Joerg Oster wrote: Tue Apr 27, 2021 9:43 am
Zerbinati wrote: Mon Apr 26, 2021 10:21 pm Thanks so much Joerg!
Marco, do you get better performance now?
Yes Joerg
reducing the hash size..
Although of course I would like to find a better solution, to have the possibility to freely assign the ram as I do with my other systems.
Little test both of my systems Playchess server(endgame)
Image

Image
User avatar
MikeB
Posts: 4889
Joined: Thu Mar 09, 2006 6:34 am
Location: Pen Argyl, Pennsylvania

Re: New AMD Ryzen™ Threadripper™ PRO 3995WX (Windows and Multithreading Problem)

Post by MikeB »

Zerbinati wrote: Tue Apr 27, 2021 11:02 am
Joerg Oster wrote: Tue Apr 27, 2021 9:43 am
Zerbinati wrote: Mon Apr 26, 2021 10:21 pm Thanks so much Joerg!
Marco, do you get better performance now?
Yes Joerg
reducing the hash size..
Although of course I would like to find a better solution, to have the possibility to freely assign the ram as I do with my other systems.
Little test both of my systems Playchess server(endgame)
Image

Image
they look like pretty decent k/nps to me ... ;>)
Image
Dann Corbit
Posts: 12797
Joined: Wed Mar 08, 2006 8:57 pm
Location: Redmond, WA USA

Re: New AMD Ryzen™ Threadripper™ PRO 3995WX (Windows and Multithreading Problem)

Post by Dann Corbit »

When you reduce the hash size to get higher NPS, is the time to depth smaller or larger on average?
I think it is possible that NPS is a red herring.
Depending on how they are counted, if a hash hit is not counted as a node, then it might really be a big slowdown.
If the hash table is pinned in memory and large, it makes no sense to me that reducing its size means more efficient computation.
Taking ideas is not a vice, it is a virtue. We have another word for this. It is called learning.
But sharing ideas is an even greater virtue. We have another word for this. It is called teaching.
User avatar
MikeB
Posts: 4889
Joined: Thu Mar 09, 2006 6:34 am
Location: Pen Argyl, Pennsylvania

Re: New AMD Ryzen™ Threadripper™ PRO 3995WX (Windows and Multithreading Problem)

Post by MikeB »

Image
User avatar
Ronald
Posts: 161
Joined: Tue Jan 23, 2018 10:18 am
Location: Rotterdam
Full name: Ronald Friederich

Re: New AMD Ryzen™ Threadripper™ PRO 3995WX (Windows and Multithreading Problem)

Post by Ronald »

MikeB wrote: Fri Apr 30, 2021 2:35 am this might be of interest ...

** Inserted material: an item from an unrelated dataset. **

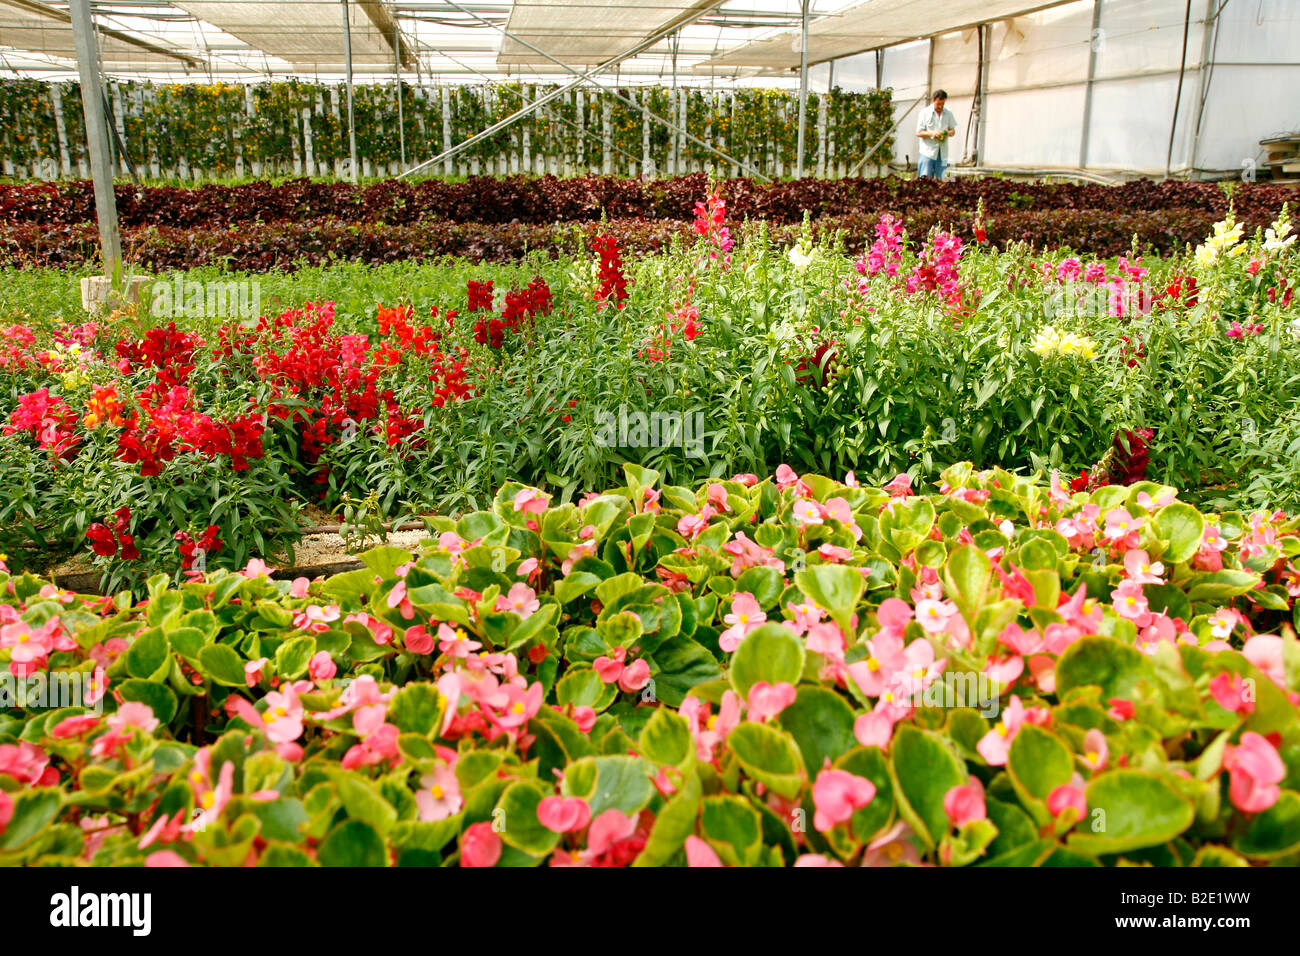 Edible flowers for restaurants in a greenhouse. Stock Photo

https://www.windowscentral.com/windows- ... 28-threads
This article is not correct (anymore). There was a bug in older Windows 10 Pro versions which caused the problem. Windows 10 Pro supports up to 128-threads. The Workstation and Enterprise versions support up to 256-threads but they still have the same "problem". All Windows version still can only support a maximum of 64 threads per processor. To overcome this problem Windows has introduced processor groups. Each group can support up to 64 CPU threads, Pro supports 2 groups, Workstation and Enterprise 4. With the 128-thread Threadrippers 2 groups are needed and they show up in the Task manager as 2 "numa" nodes. Windows places 32 cores of the Threadripper in each group, the other 32 are the hyperthreads of those cores.

If a multithreaded program is not group aware Windows will always place the program in 1 group, so the program can only use a maximum of 64 hyperthreads(thus 32 real cores), the other group will not be used. Setting the program to 128 threads will be of no use.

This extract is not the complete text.